Not sure. Even if it's gross it's still a comfortable living. He has no worries. I personally want more than that but I also want staff


----------



## benski

jwjrw said:


> I knew you were a Craigslist electrician........it all makes sense now....:whistling2:


That's funny because not even 2% of my business comes from there. Good try though:thumbsup: Shouldn't you be spamming forums about angieslist how much do they pay you to promote them?:laughing:


----------



## jwjrw

benski said:


> That's funny because not even 2% of my business comes from there. Good try though:thumbsup: Shouldn't you be spamming forums about angieslist how much do they pay you to promote them?:laughing:





I'm glad having bottom feeders call you for all those estimates is working out for you.


----------



## jza

480sparky said:


> It costs Google exactly $0.00. Canadian, of course.
> 
> Now, how much would it cost YOU to have your ad come up first? Exactly $0.00. Google doesn't accept payment for SEO rankings. And it's a guessing game on how they do it.


It's not a guessing game, there's no secret about how Google is ranking pages.

You can get your name to show up first, it won't show up in the search results per say but it will show up in the Adsense box.


----------



## benski

jwjrw said:


> I'm glad having bottom feeders call you for all those estimates is working out for you.

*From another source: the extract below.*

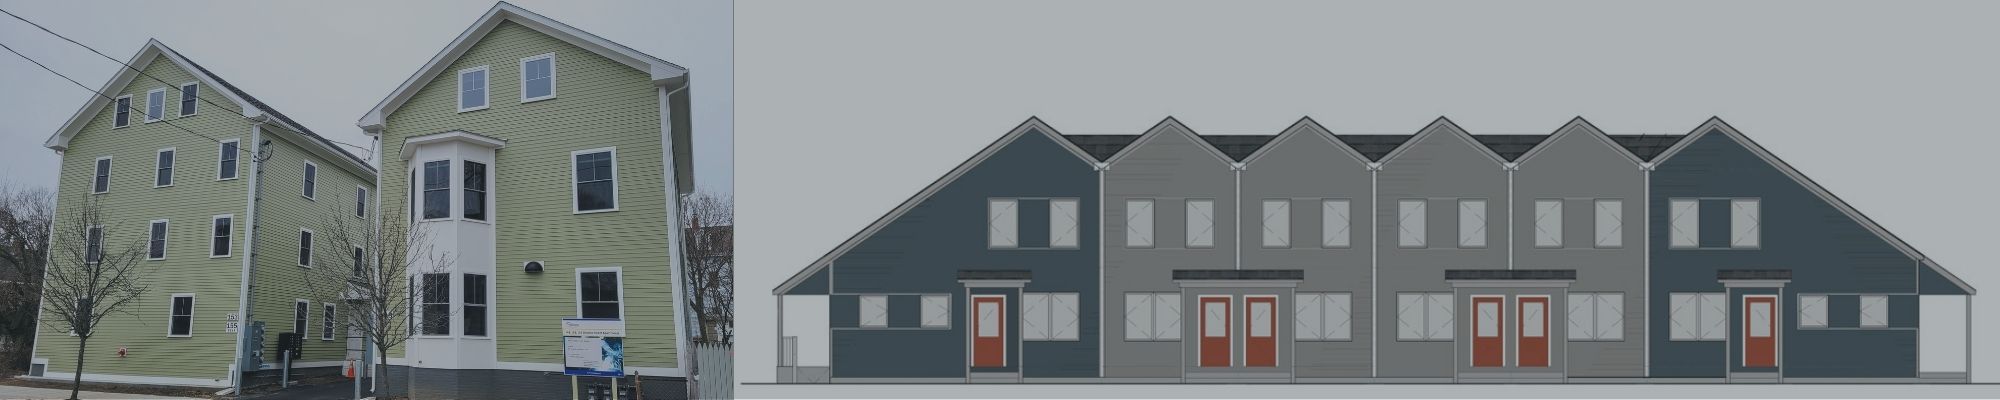 ONE Neighborhood Builders amplía la vivienda asequible con las promociones de Delaine y Bowdoin

Yep because the other 98% of my business comes from google adwords, my website, facebook, word of mouth, local newspaper etc..

Craigslist takes me 5 minutes to post an ad and it's free.


----------



## mattdolan16

480sparky said:


> Net or gross?


Not sure. Either way it's a comfortable living for a one man show. Yoir own boss. No worries.


----------



## dronai

How much was the pay on the oil rigs, per week ? was it too physical ?


----------



## 480sparky

mattdolan16 said:


> Not sure. Either way it's a comfortable living for a one man show. Yoir own boss. No worries.


Suppose his overhead is $150,00 annually?


----------



## mattdolan16

dronai said:


> How much was the pay on the oil rigs, per week ? was it too physical ?


It's not so much an oil rig. Here in Canada we have oil sands. We pull oil out of the dirt in the ground. 

Physical?? Haha I do nothing all day. Literally. It's a very slow, well paying gig. It's actually a dream job if I wasn't away from family half the year. Plus working around idiots 24/7 and spending half your life in a dorm room gets tiring. I'm ready for a challenge. It was an interesting 2 years.


----------



## mattdolan16

dronai said:


> How much was the pay on the oil rigs, per week ? was it too physical ?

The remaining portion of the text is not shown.